Random comic jump is implemented, the user stuff is still in my brain.

I have also today written a mass one-off optimisation to the indexer scripts which re-ranks everything in the database in a more balanced way. I won’t get to do this one differently later but it’s something I should have done before. And as a bonus it halves the database by removing needless duplications.

Possible whizzy bits

Friday, June 27th, 2008

The problem I had before seems to have an end in sight, I just need to implement it now… I still have to figure out a couple of implementation quirks before I can nail it.

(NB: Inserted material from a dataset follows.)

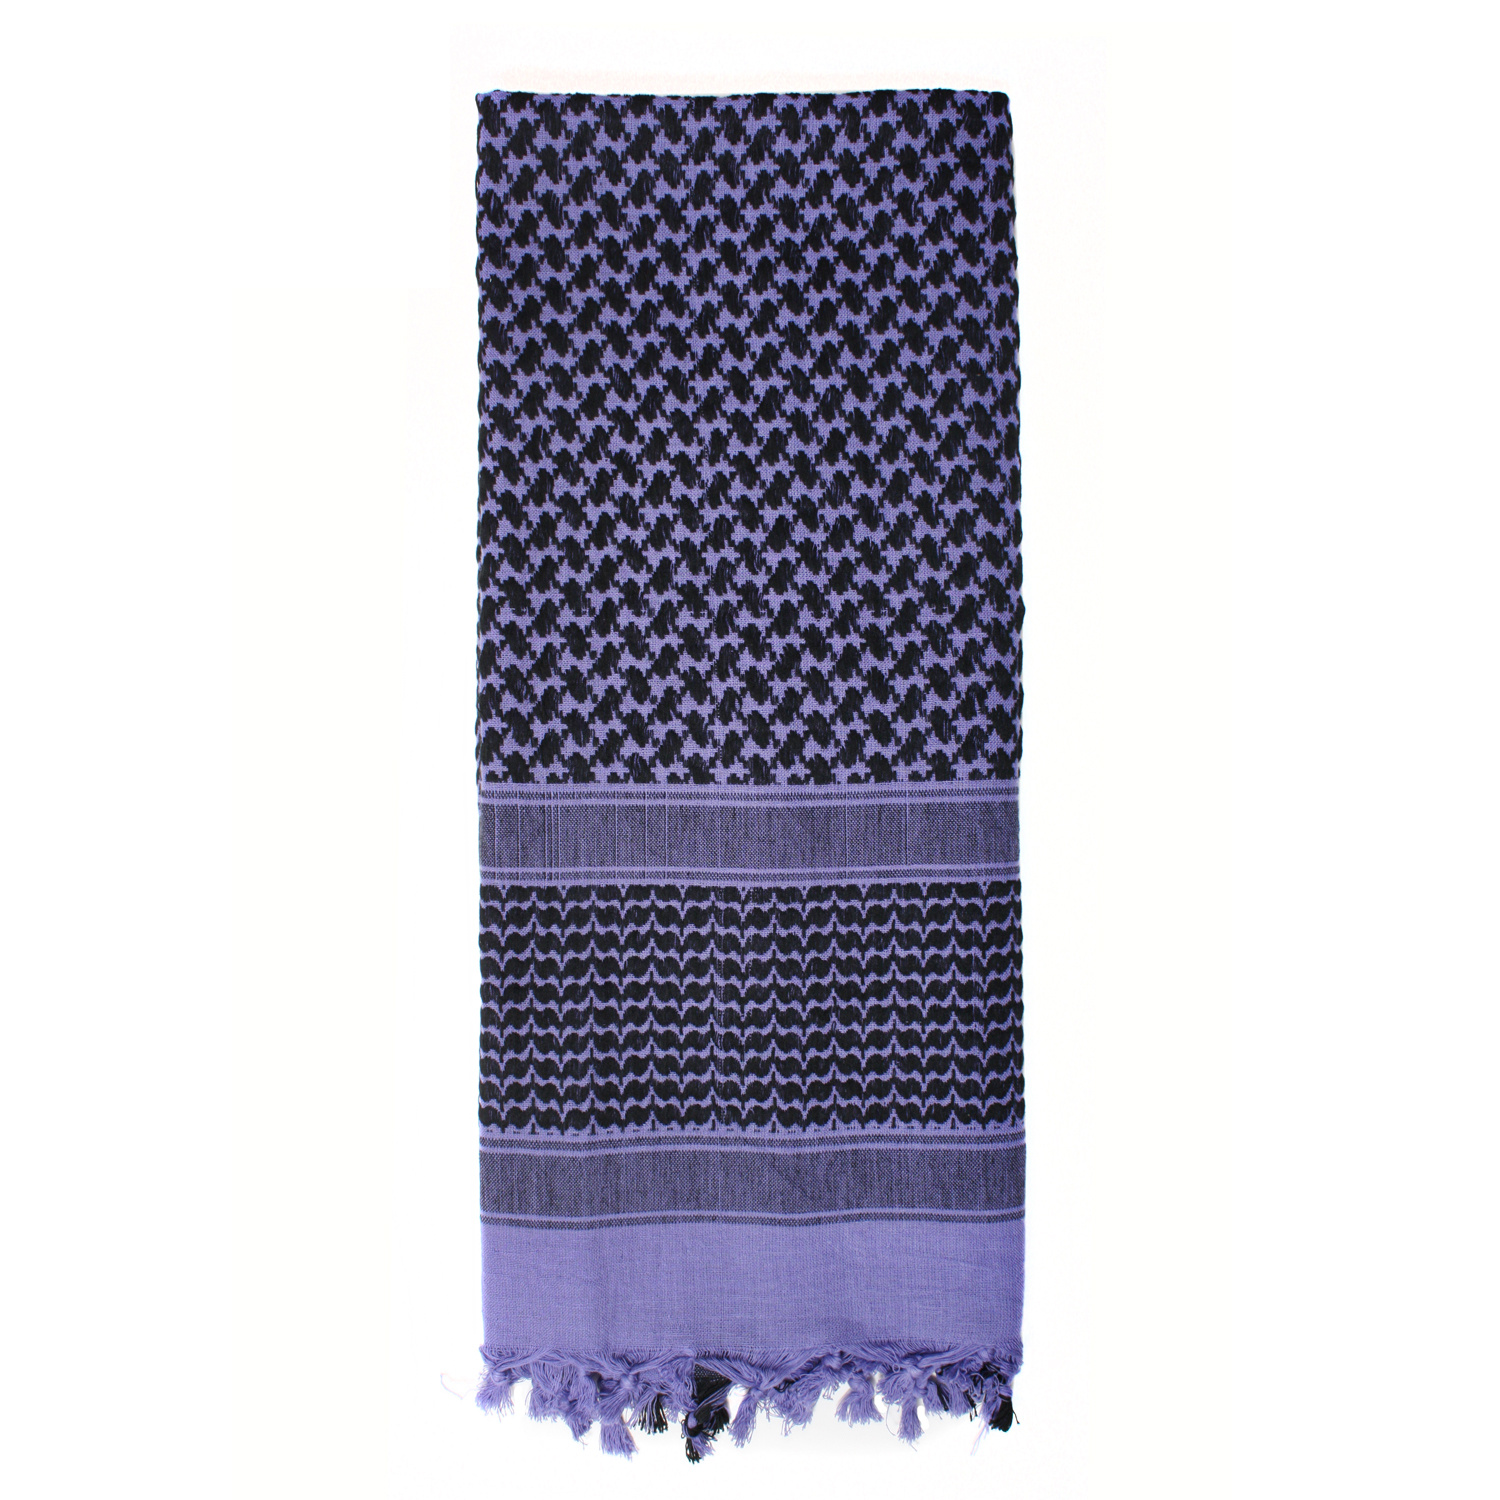 šátek Shemagh odlehčený fialový

In other news, I’ve been thinking about new features for the sight.

User registration, which allows:
* Not only Share this Comic (available anyway), also email this comic
* Flag up errors in comic
* Preferences for the comics (e.g. user selected “hide comics x and y”)
* Comic browser (frameset allowing browsing buttons, which allows “not this comic” type stuff)
* Suggest a comic

Also:
* Jump to a random comic (random strip out of all indexed)

Since the earliest days of design I did consider a forum for comic-related matters but I don’t think that’s necessary or ideal, so I’d be leaving it at the above.

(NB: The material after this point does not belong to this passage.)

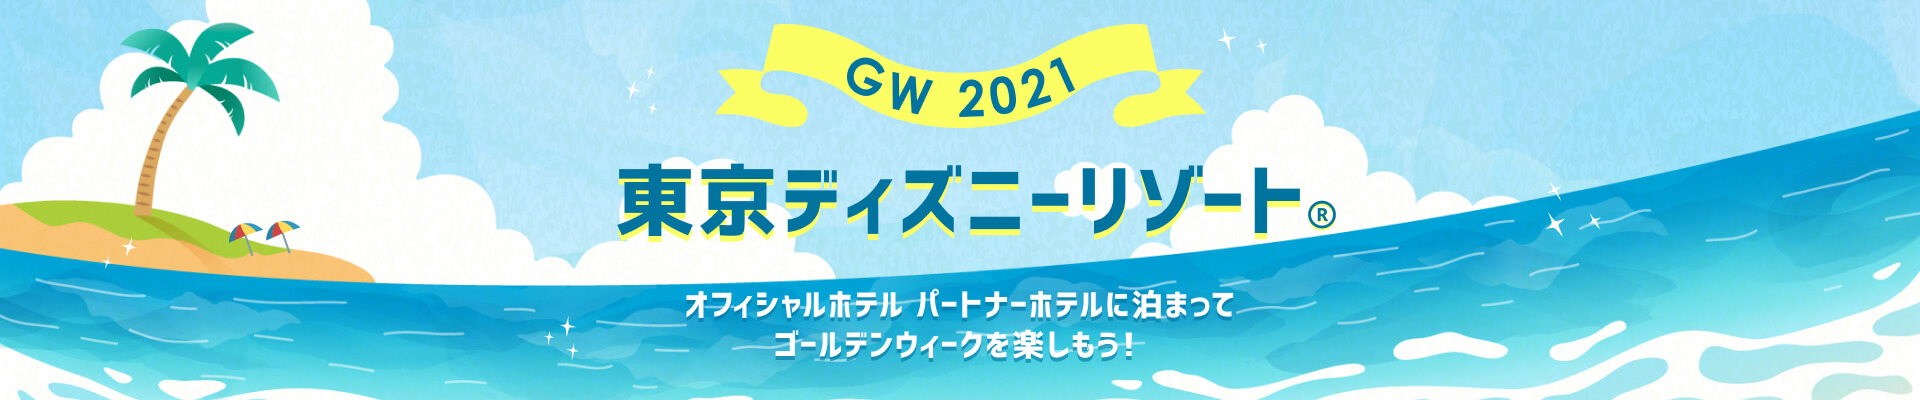 東京ディズニーリゾート Gw旅行を楽しもう 楽天トラベル

Current Mood:curious emoticon curious

More comics

Friday, June 27th, 2008

Last night and this morning have proved productive; I added 93 C+H and 100 Ashfield last night to the archive, and a further 120 to Ashfield and 20-odd to Bruno this morning, but even with that I feel I’ve been neglecting Bruno a bit.

In all fairness, C+H and Ashfield are considerably quicker to add to the archive - Ashfield is usually a single caption or a couple of lines of dialogue, C+H is usually 4-6 panels with maybe one line per panel, while Bruno has exercised the limits of my engine before. No matter, though, as Sphinx has pretty much nuked any problems I had with size.

At the actual moment of posting, I’ve added a total of 1,786 strips in my database. I’ll definitely not update before hitting 2,000 strips, but part of me thinks I should wait until Ashfield’s finished (another 600 or so to do) and then add the entire load up, plus Sphinx, in a single massive update. Doable, but I’m not sure yet. I’ll see how it goes. (I haven’t hit any of the Multiple Mondays yet)

Further testing against some of the new Bruno strips has revealed some interesting facts about the way Sphinx was optimising its searches, and it has told me that I can’t rely on the default behaviour; it’s just not suited to what I want.

Thus: the plan of action:

* Rewrite chars table to include a numeric ID, this should be in order of appearance but as long as it’s reasonably consistent it shouldn’t matter too much.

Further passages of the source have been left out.